• TRY IT: Transcribe, starting at the line with "Escambia County School" and ending at the line with "Denise Collins Header", every line of the material below exactly, but leave out the pictures and anything outside that span.

• PROVIDED RECORDS:
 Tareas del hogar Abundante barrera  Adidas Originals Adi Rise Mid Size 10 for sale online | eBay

==

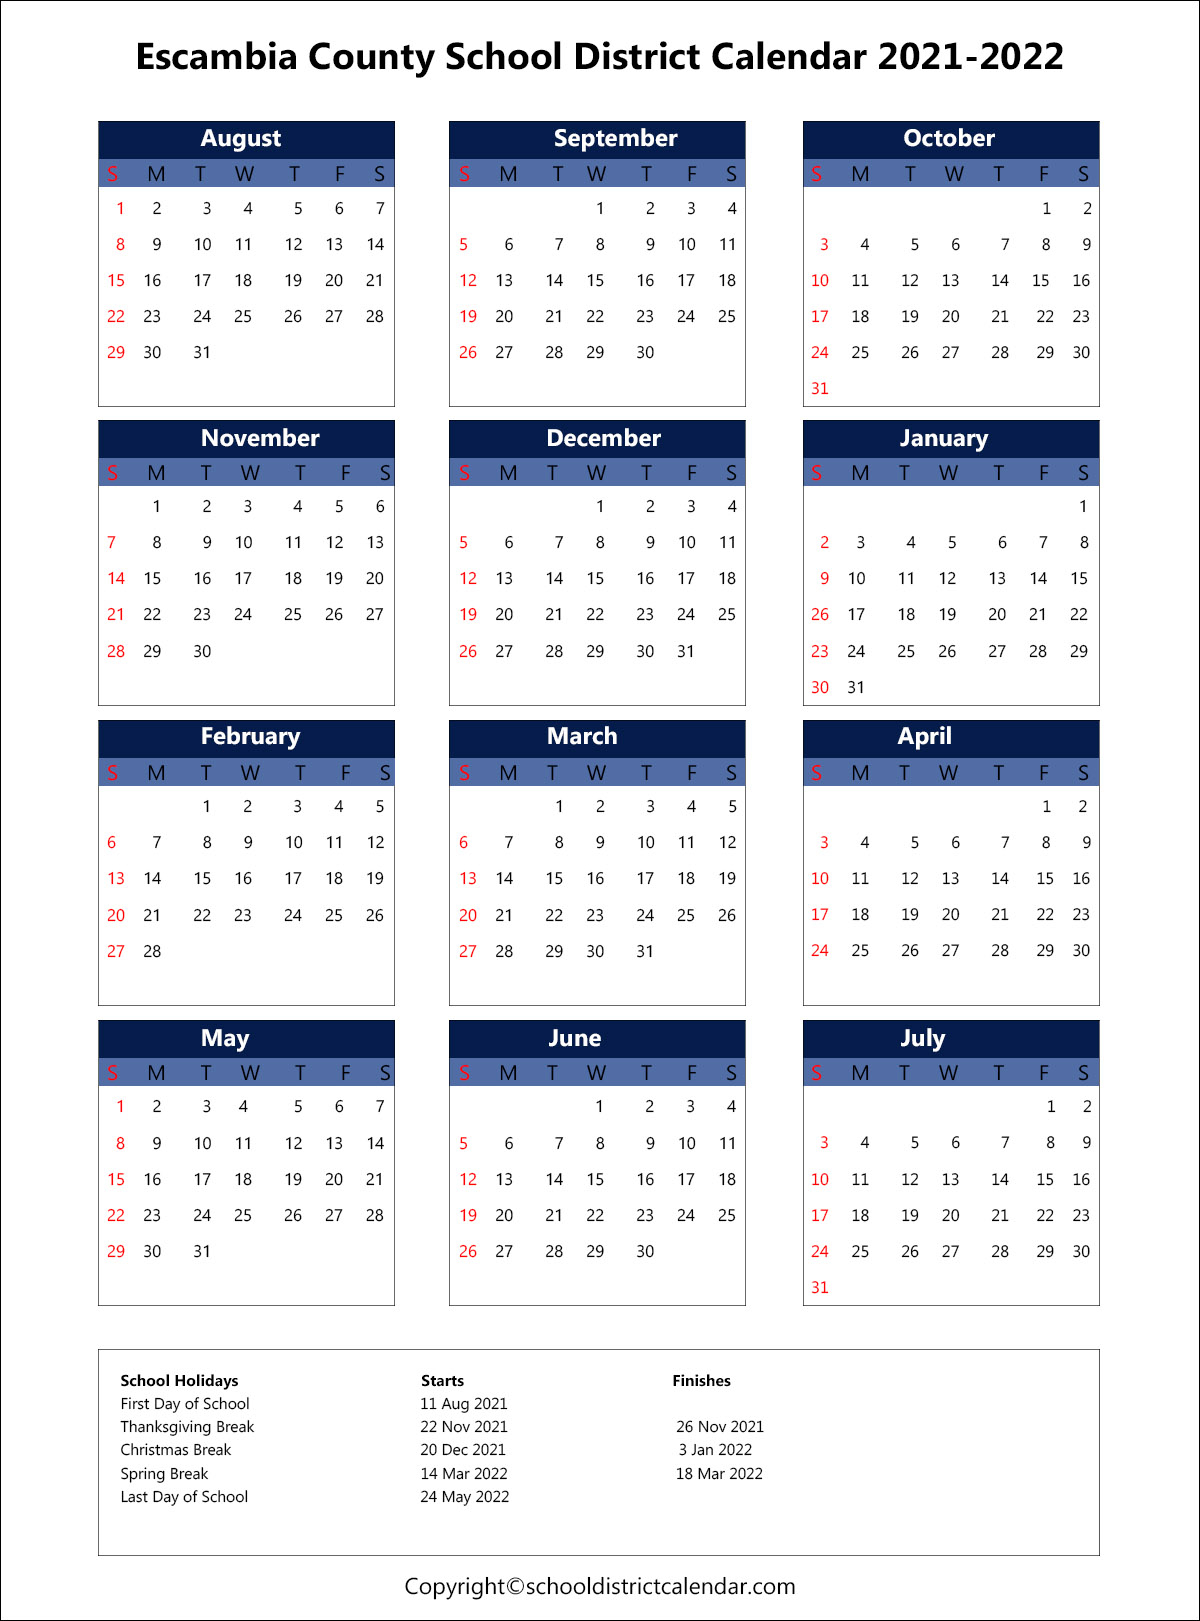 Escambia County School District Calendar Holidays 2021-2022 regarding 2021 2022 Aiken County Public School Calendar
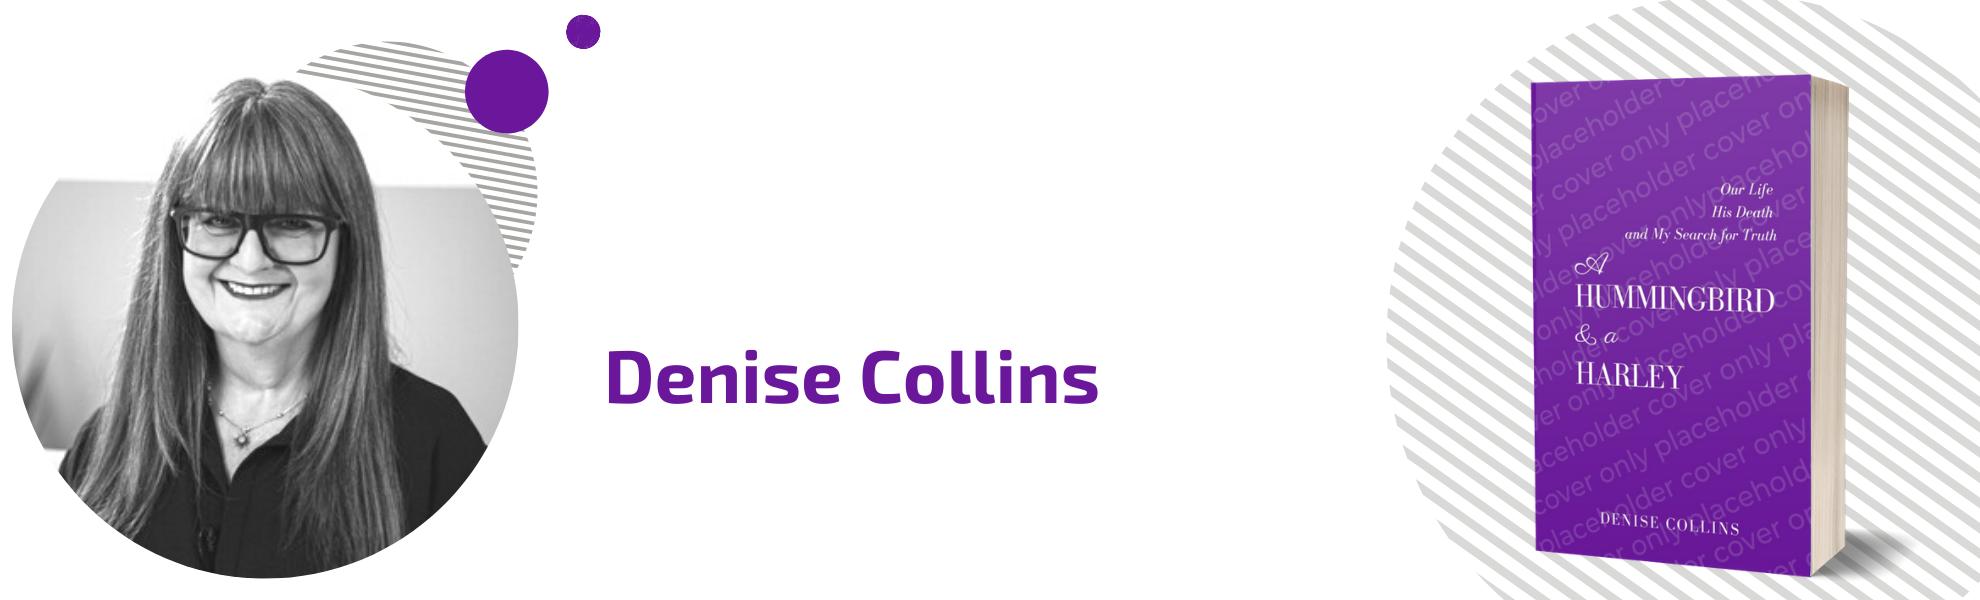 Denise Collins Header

---

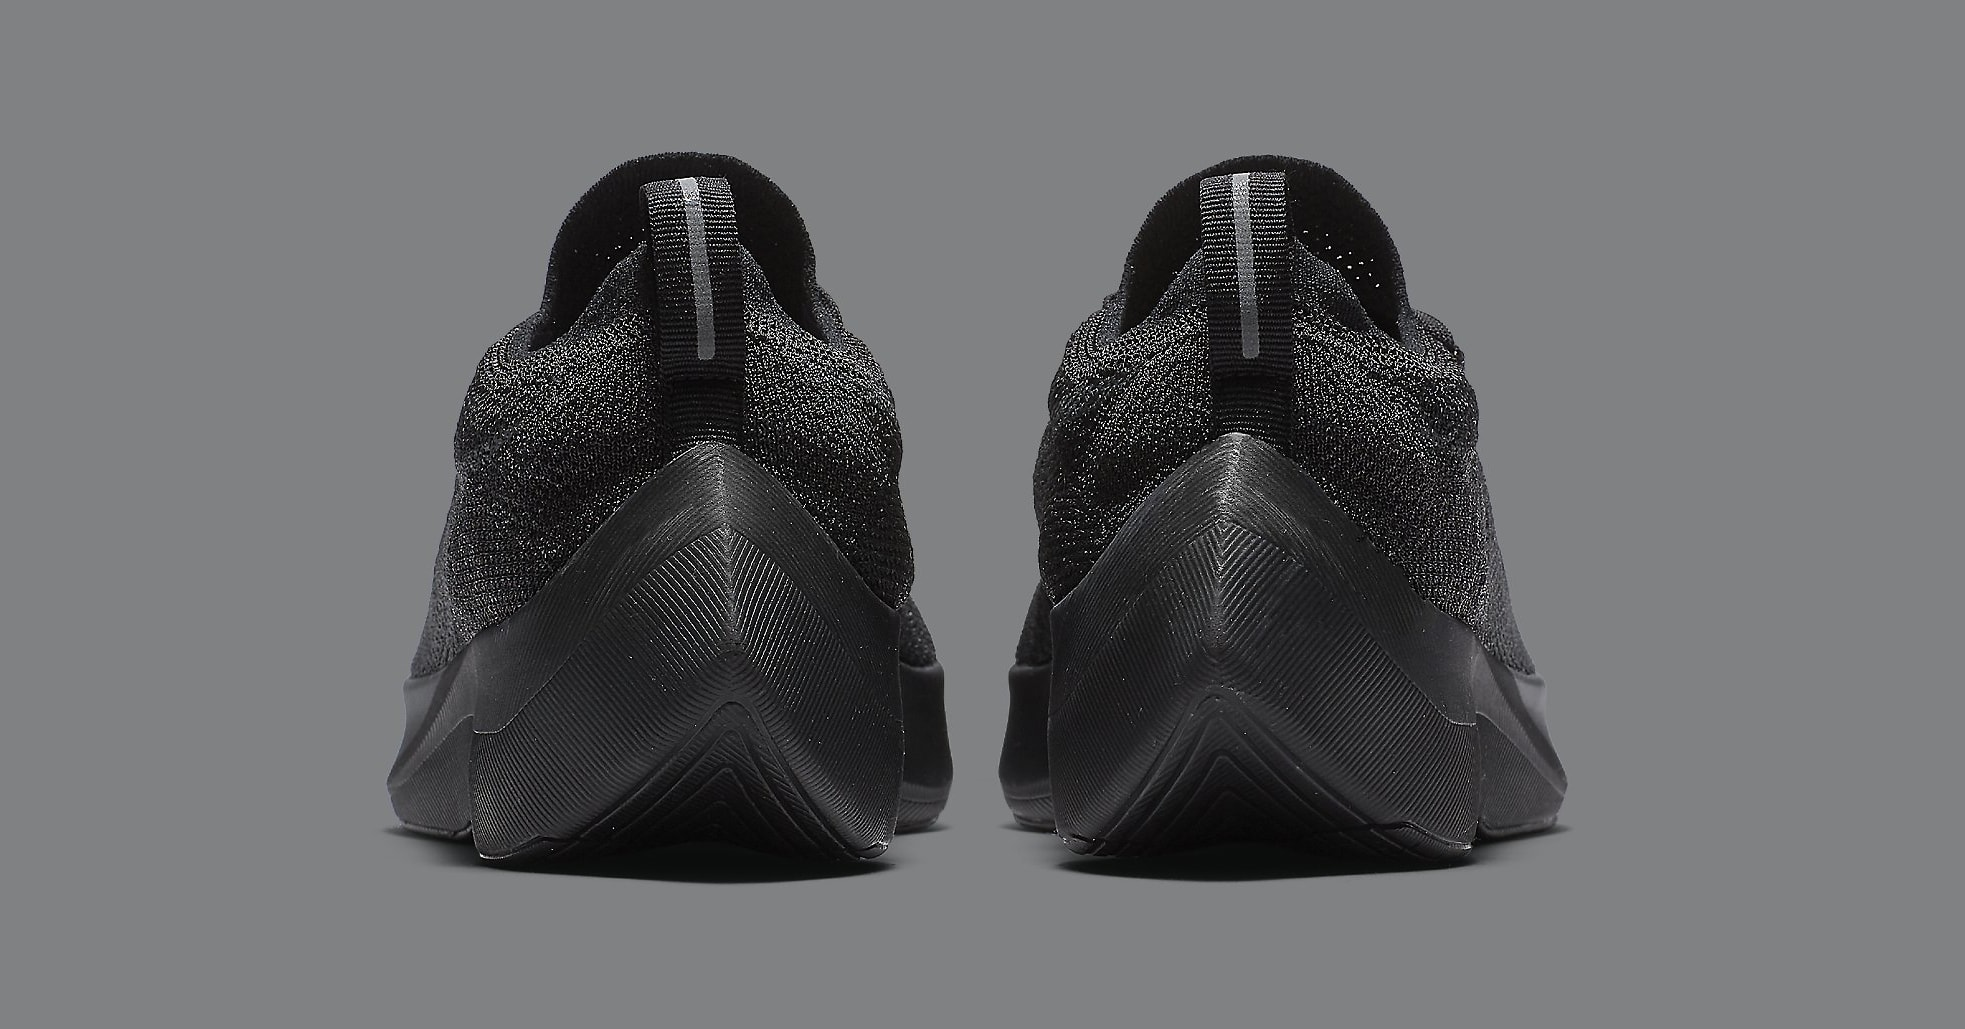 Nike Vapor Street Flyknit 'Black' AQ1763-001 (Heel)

• WRITTEN RESPONSE:
 Escambia County School District Calendar Holidays 2021-2022 regarding 2021 2022 Aiken County Public School Calendar
 Denise Collins Header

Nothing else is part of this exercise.